Jason and Amanda Hayden work tirelessly to ensure their customers feel welcome and valued in Cafe 212, Tupelo’s downtown sandwich shop.
Because of their friendliness, their loyal customer base sticks around when the couple needs to close the shop and leave town.
“We love to travel and that’s kind of what recharges our batteries – to get out of town,” Jason said. “As much as we love the place, it’s still work, you get exhausted. For us to be able to shut down and relax is such a big help.”
Jason said they try to take a big trip every year to somewhere like Europe or New York, and then a few smaller ones in between.
“We love New York, especially the Brooklyn area,” he said. “You’re not going to see a McDonald’s on every corner out there. Everything is locally owned, people walk everywhere, stopping to sit and have coffee or eat on the sidewalk. I think that’s so neat andI want more of that for Tupelo.”
The trips are a way for the 32-year-old Tupelo natives to keep their cafe updated.
“When we go out of town, we specifically look for locally owned places – unique places,” he said. “That helps us out to compare ourselves.

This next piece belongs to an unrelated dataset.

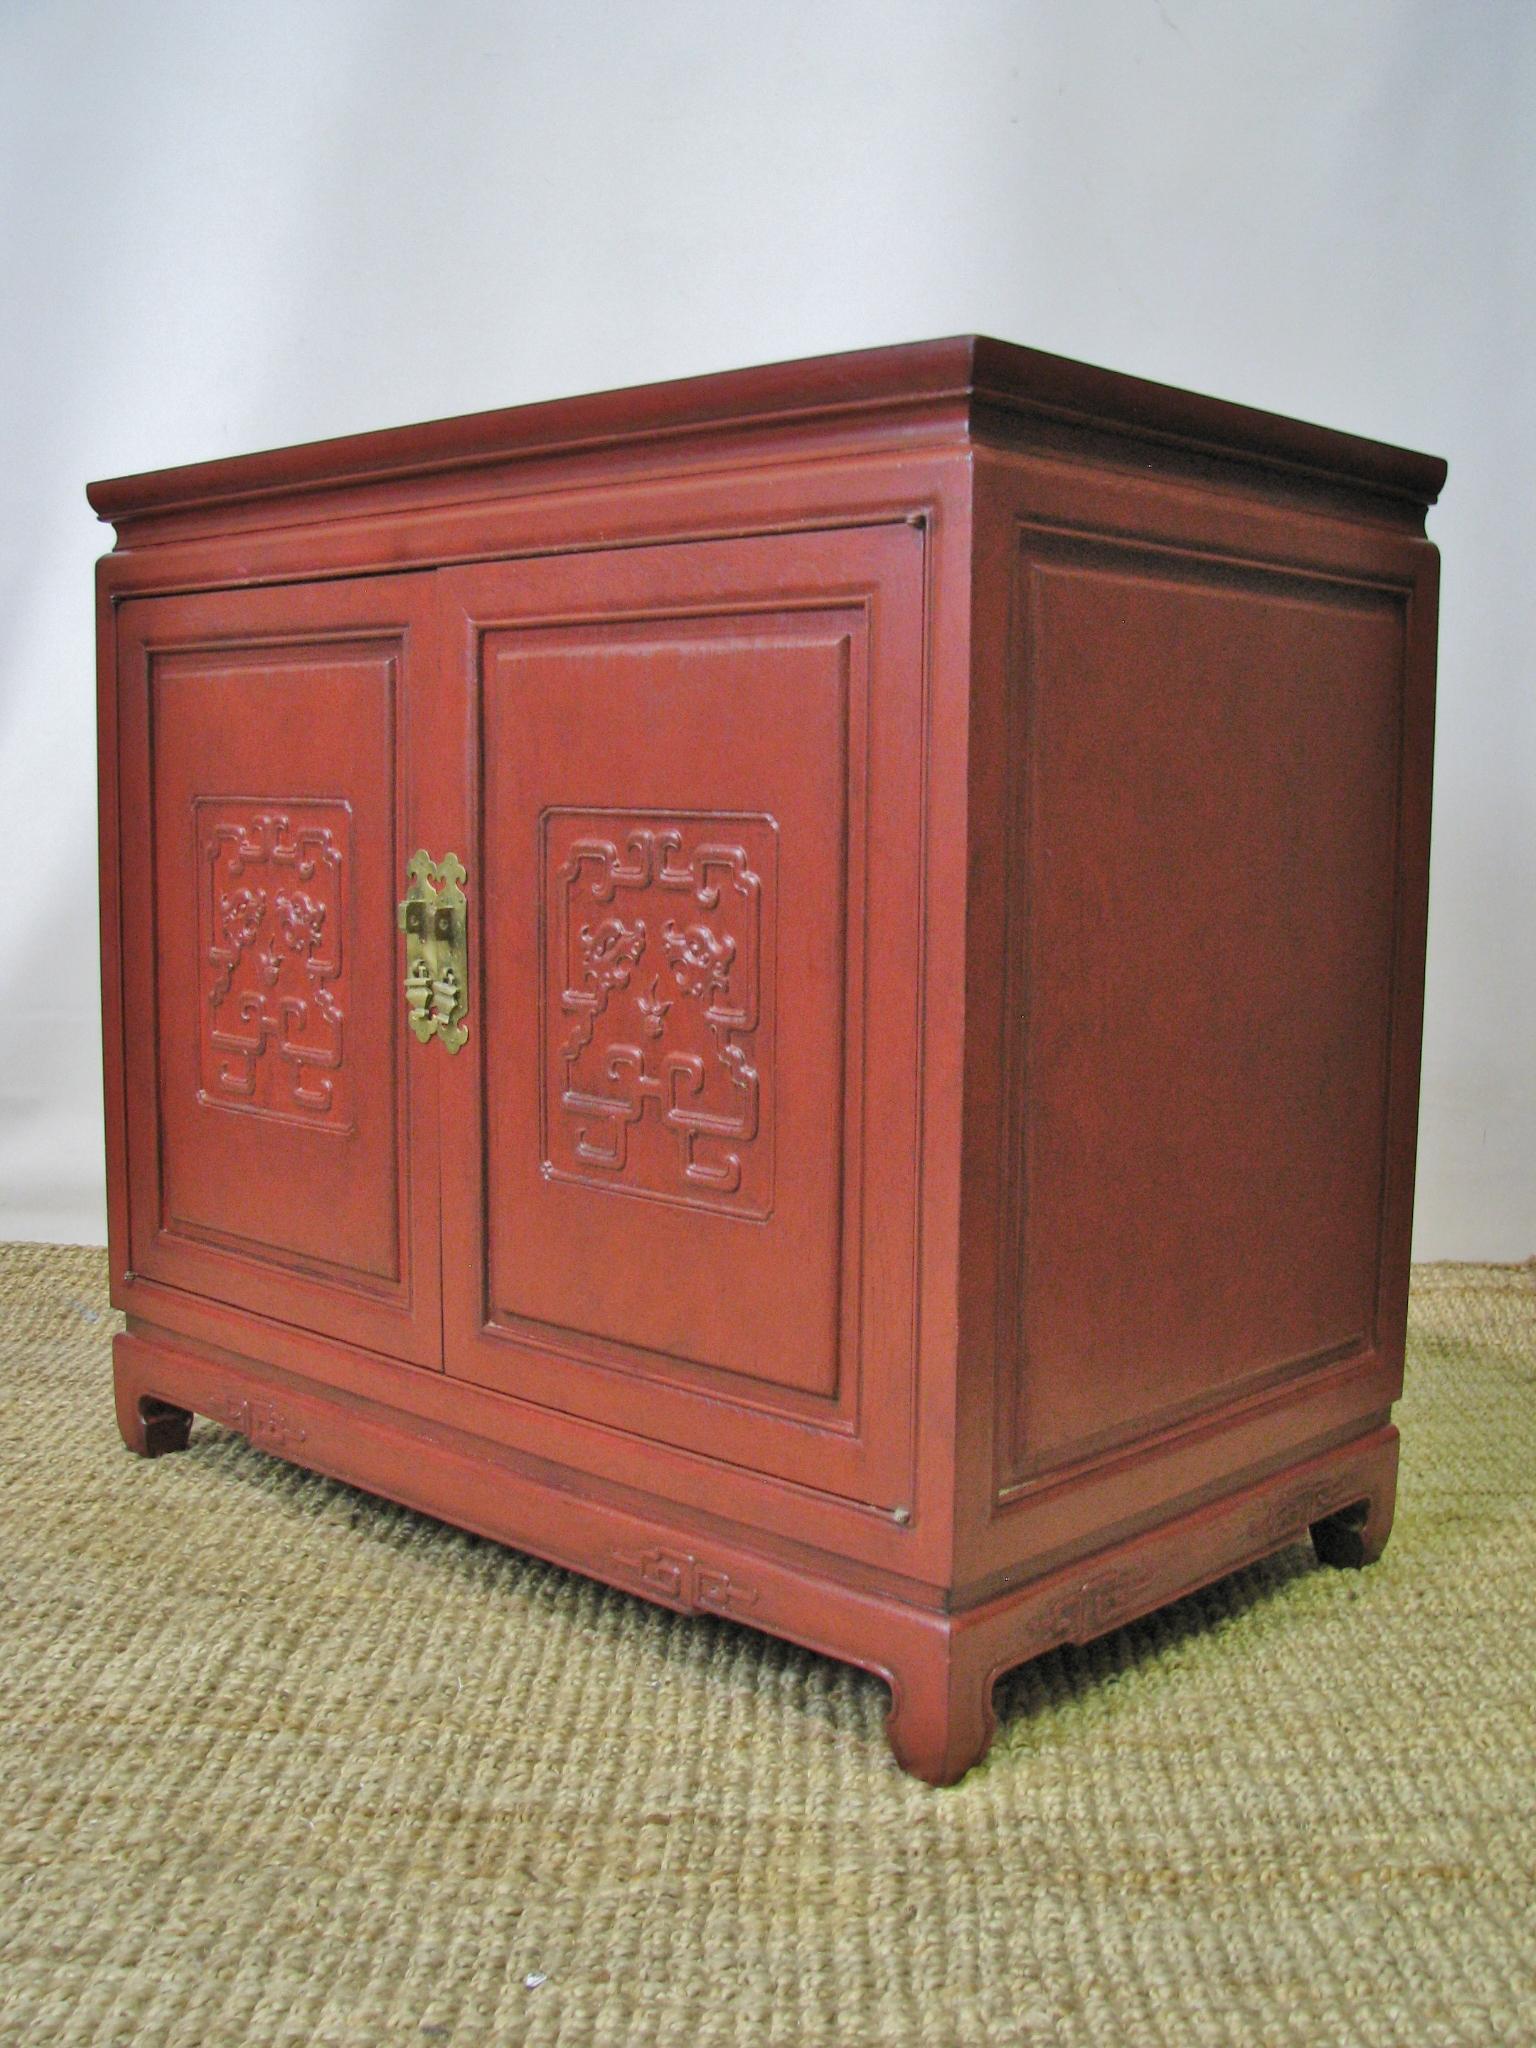 Striking pair of vintage and high end 1960s, Asian style two-door cabinets. Simple and elegant form, set on Ming style feet. Central panels on each door feature Asian calligraphic motifs. The skirt also features these same style details. Raised

We try to have more of a cool trendy city feel and that’s something we’ve picked up from different places we’ve traveled.”
The restaurant is brightly painted and decorated with artwork from local artists. The front porch tables make for great people watching and the couches toward the back are an easy way to waste an hour with a book.
To Jason, the most important aspect of the restaurant isn’t the atmosphere, vibe or paint color, it’s the sense of community they try to provide.
“We try to make people feel welcome and a part of it,” Jason said “We’re not another chain, we’re a community restaurant. We’re a part of Tupelo and they’re a part of Tupelo. We’re all in it together.”
In addition to family recipes and deli classics, the menu has town favorites like the Blue Suede Grill and T.C.B. grill, sandwiches fashioned after Elvis Presley’s favorite foods.
Many Cafe 212 patrons have their own plates like the Rubye Del salad named for Tupelo Dance Studio’s owner and Claude’s Plate, a tuna salad plate ordered frequently by local attorney Claude Clayton.
Jason thinks the restaurant’s appeal has a lot to do with their efforts to create community within its walls.
“I like to think it’s because I have a goal, when people come in I want to learn everyone’s name and create a unique experience where we’re the Cheers of sandwich shops,” he said. “I have several customers that tell me they feel a part of this place and give us honest critiques everyday because they want to see us succeed. And that’s what we love about it, people care that much and feel like our success is part of their lives too.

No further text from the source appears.